Work instruction:
All of the data that follows is to be written out exactly, with images excluded.

Raw data:
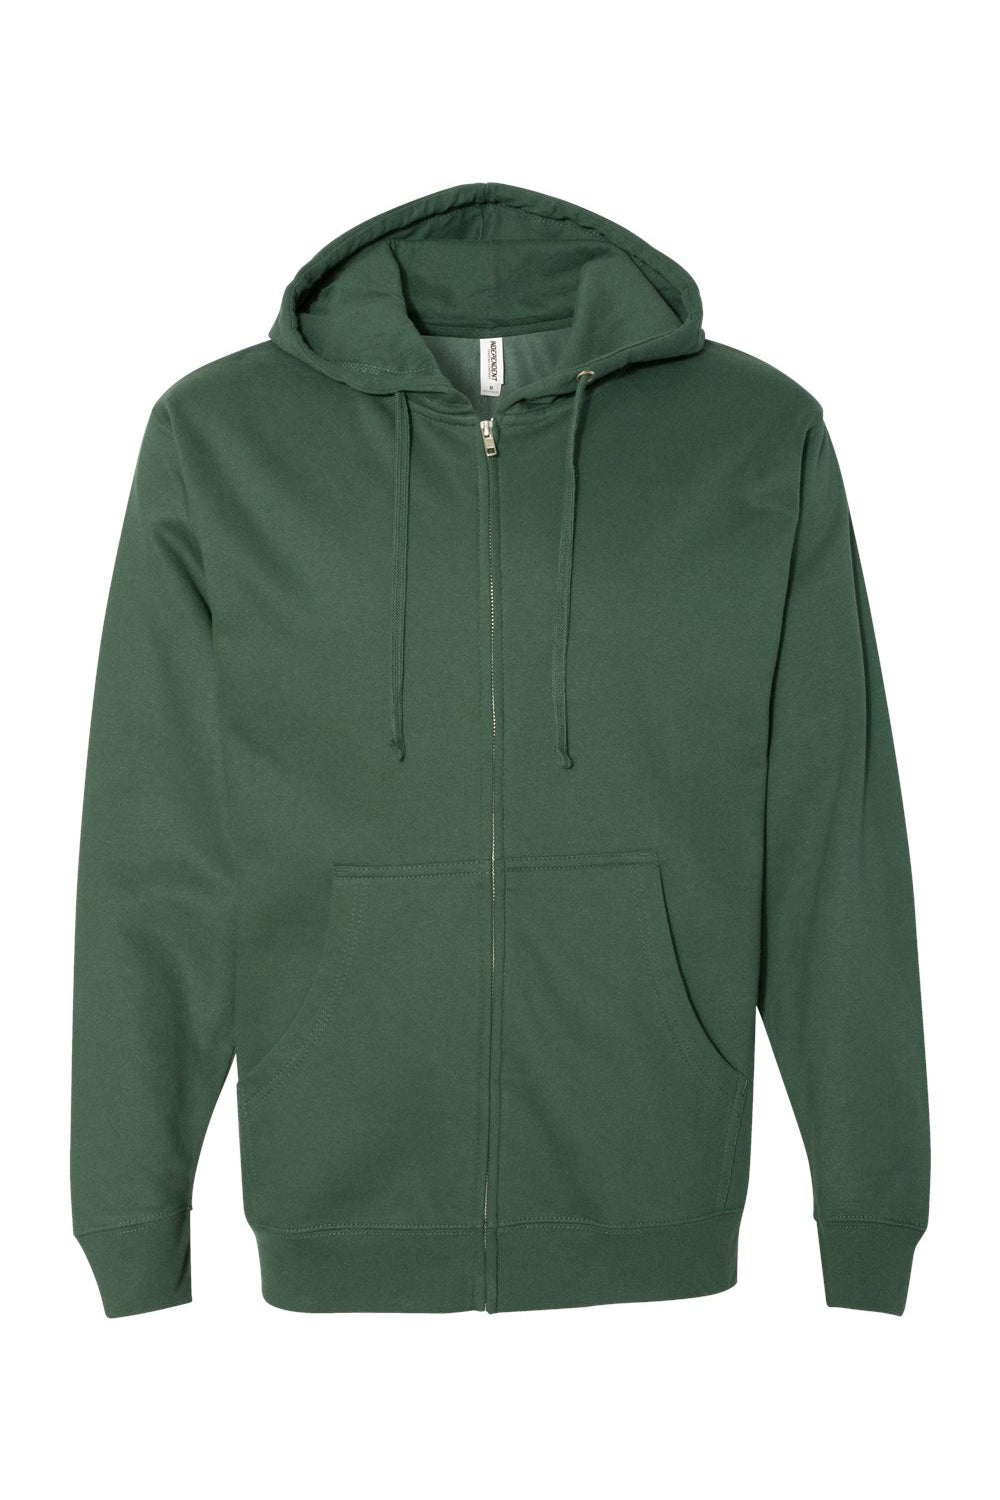 Independent Trading Co. SS4500Z Mens Full Zip Hooded Sweatshirt Hoodie Alpine Green Flat Front
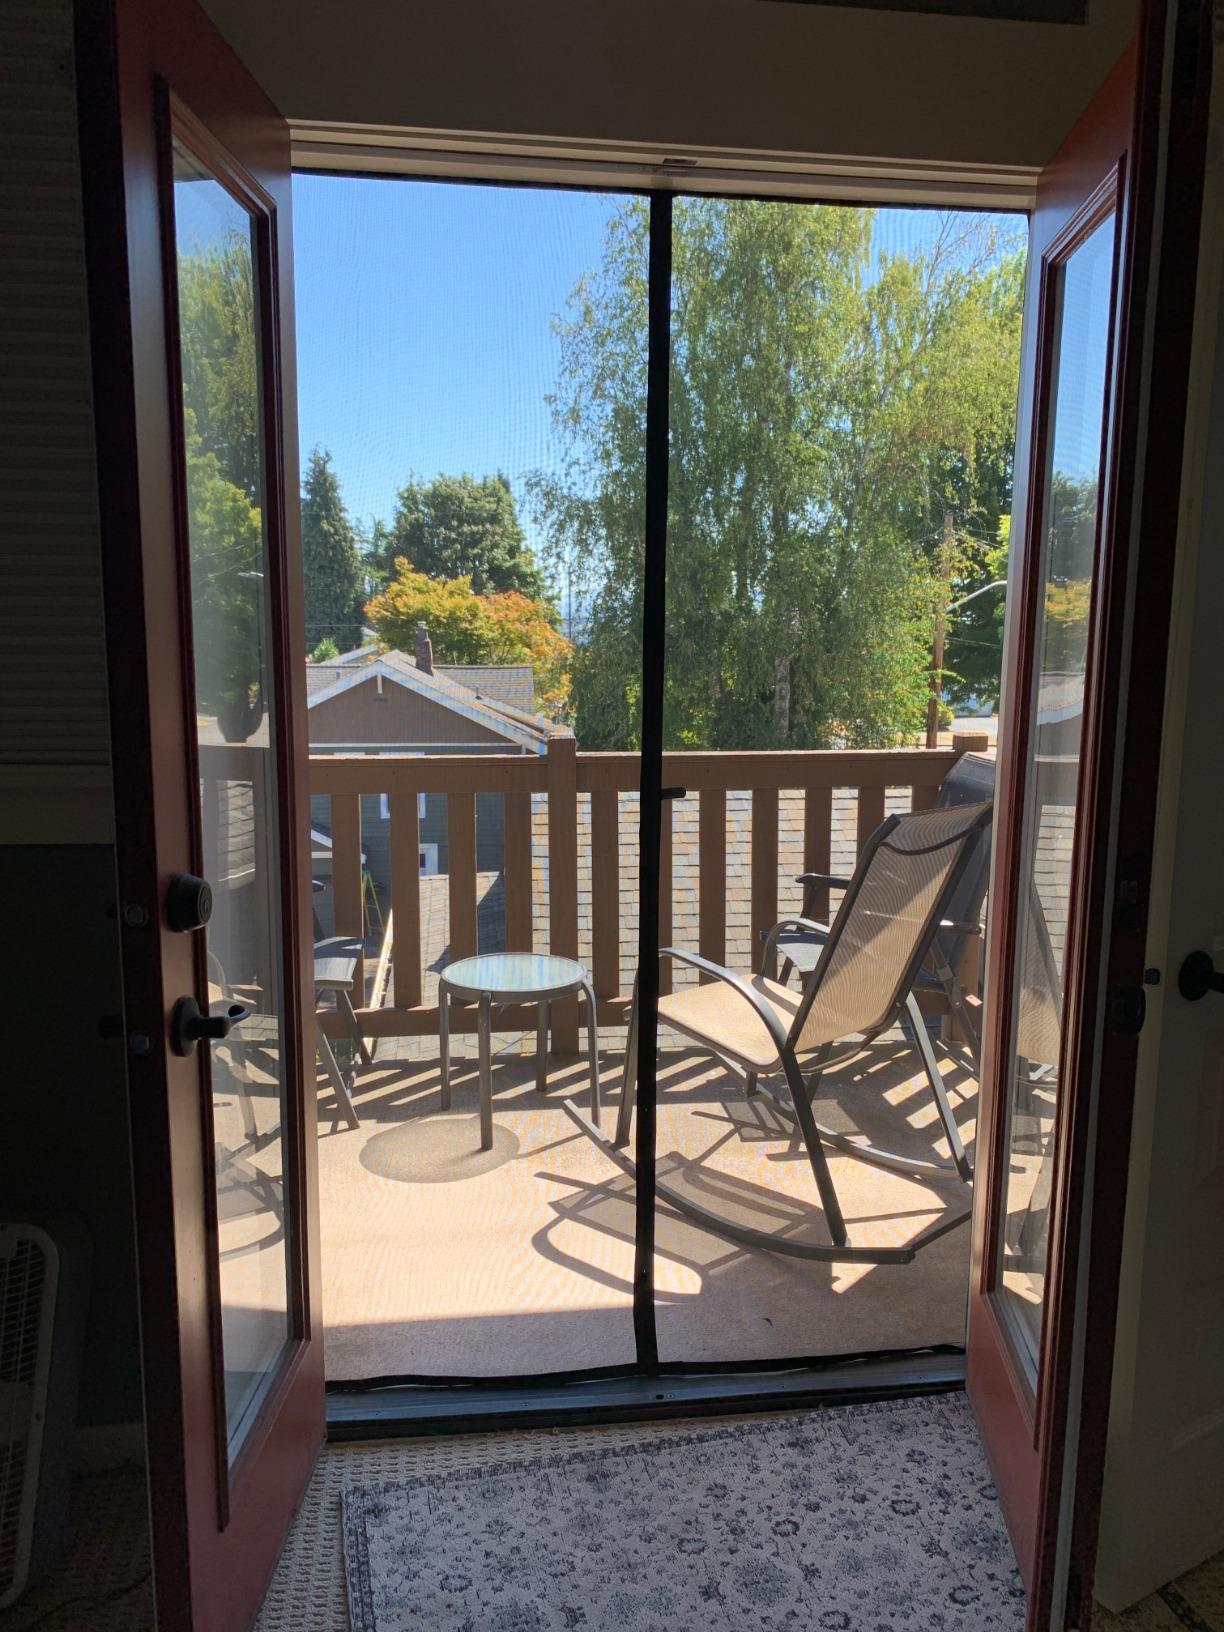 Magnetic Mesh Insect Screen Door - Your Ultimate Guard To Insects This Summer! photo review
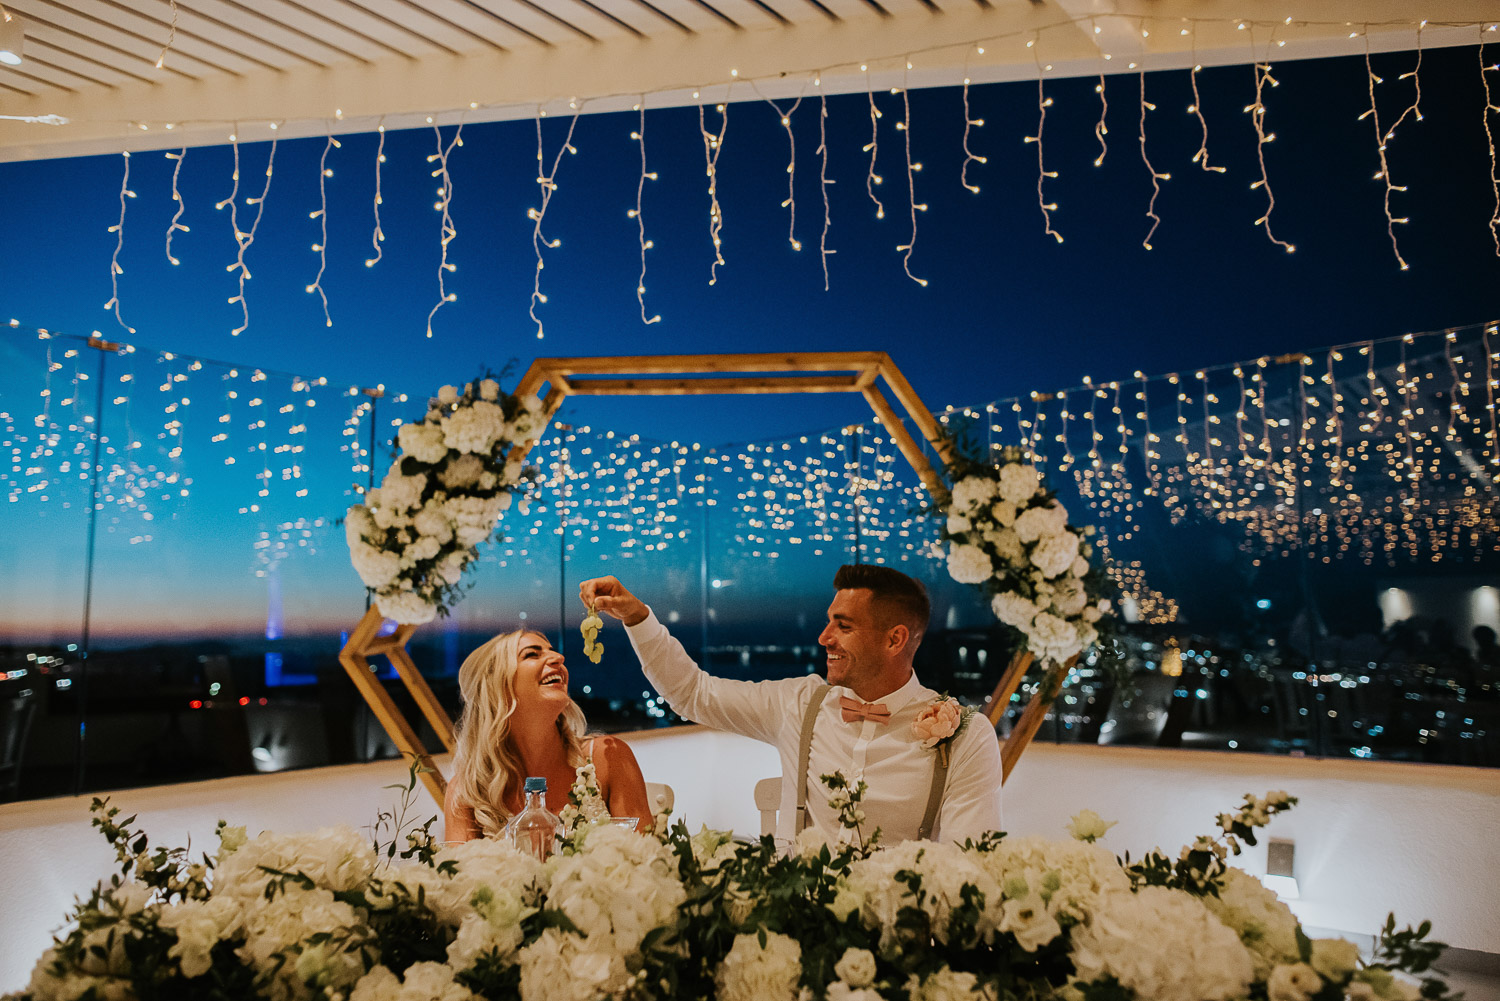 Wedding photographer Santorini: bride and groom laughing as he feeds her grapes surrounded by fairy lights by Ben and Vesna.

Written response:
 Independent Trading Co. SS4500Z Mens Full Zip Hooded Sweatshirt Hoodie Alpine Green Flat Front
 Magnetic Mesh Insect Screen Door - Your Ultimate Guard To Insects This Summer! photo review
 Wedding photographer Santorini: bride and groom laughing as he feeds her grapes surrounded by fairy lights by Ben and Vesna.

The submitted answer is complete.